I haven’t officially been told I can drink alcohol with my medication, but nor have I been told I can’t. Being at university I am delving into the life of being a student and am determined to enjoy the chilled out lifestyle on the social side as everyone else does.
Luckily I have fallen in with a good group of friends that understand my Epilepsy, and if I have forgotten, and also consumed some alcohol they will walk me back to my room to take my medication so that we can all enjoy the night out together. They have even changed their lifestyles to remind me like my parents did when I was younger.

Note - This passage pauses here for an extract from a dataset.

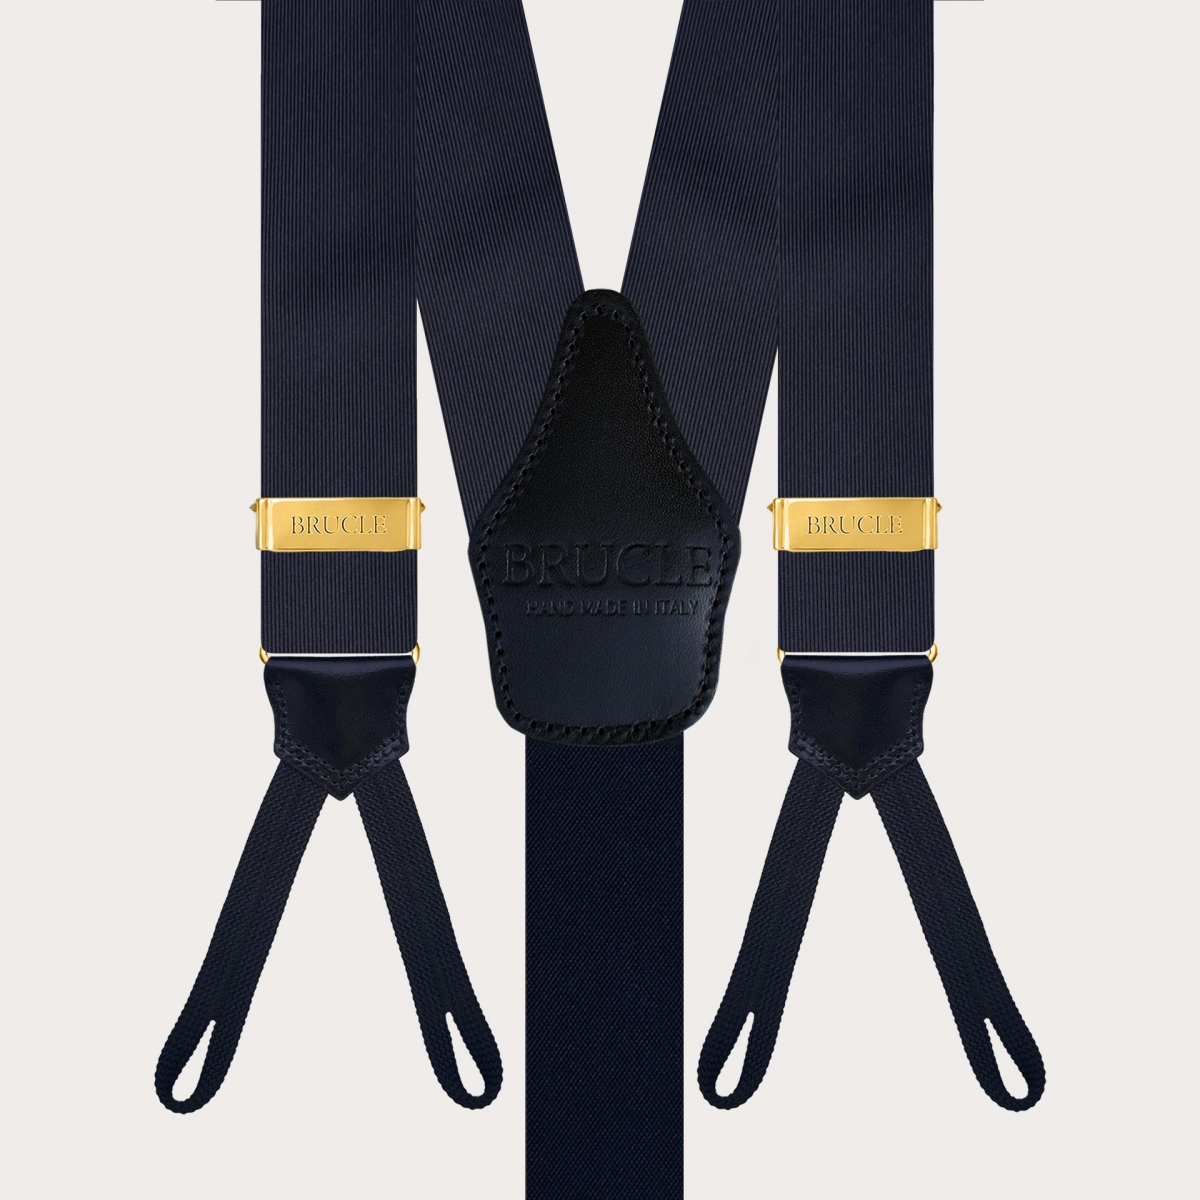 Tirantes de seda azul marino para botones con asas y reguladores dorados

Now I know what Night Time epilepsy is and the doctors are happy with my level of medication I no longer have to see the specialist in Taunton every six months. This is a relief now I live in Falmouth, but I do need regular checks ups with my local GP for reviews and to see how my prescription of Topiramate is affecting me.
I don’t see it as an illness or a disability myself, it is barely even there. There are people with general Epilepsy who have fits everyday; I haven’t had one for 12 months so I feel very lucky. Officially though, it is classed as a neuro-disability.

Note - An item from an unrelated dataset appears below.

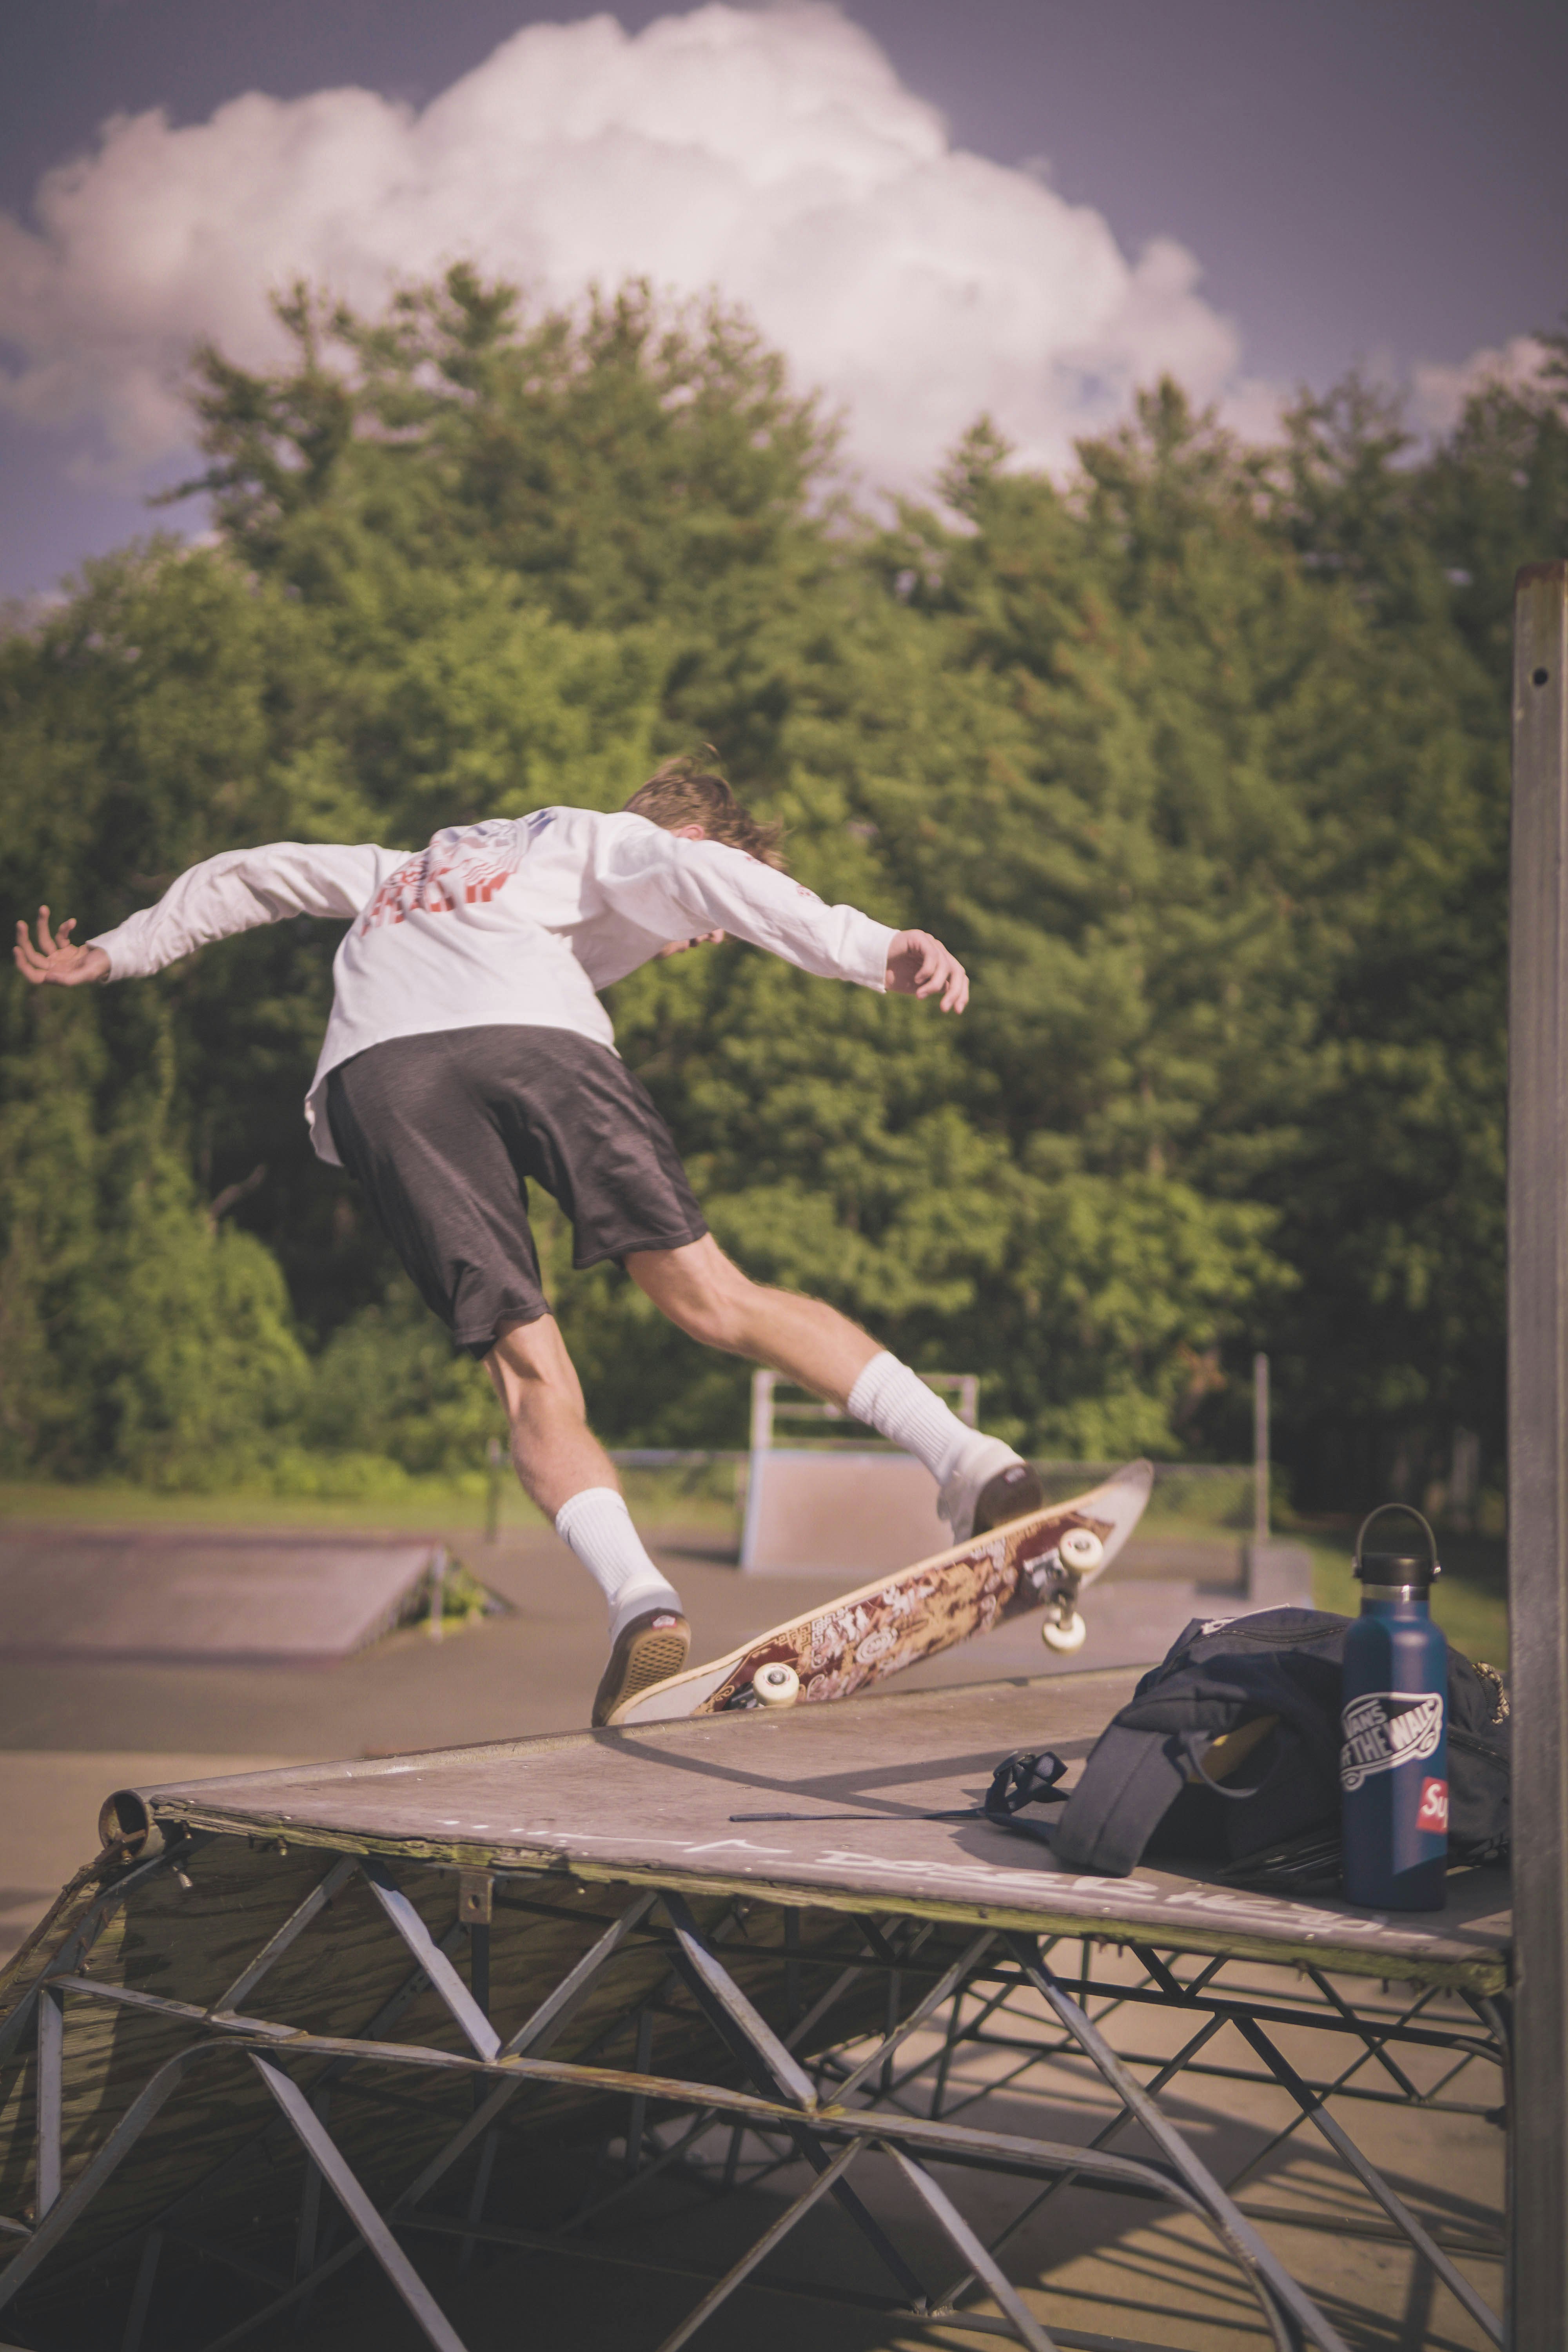 simsbury skatepark skateboarder sunny day - ryan

If any of the content of this article has affected you or you think that maybe you or someone you know has had an epileptic fit, during the day or night, then get in touch with your local GP to discuss it further.
Emma’s advice: If you bite your tongue like I do then it will hurt when you eat, so you may find it more comfortable to eat softer foods for a couple days that aren’t too hot. It will be a sensitive area for a time. My recommendation is to drink a lot of water and rest as you would feel very tired afterwards. Be careful if you have been social like I have now, looking back it is similar to how a hangover feels, so treat it like one and you will feel stronger and well gain quicker.
The side effects of Topiramate.
Emma’s experience: The main side effect is loss of appetite and that was the one that hit me most. I lost over two stone when I started the course of medication. There has actually been a choice of medication offered to me, the other had a side effect of gaining weight, which I really didn’t want at the time, so I was glad that Topiramate was the best option for me and has worked.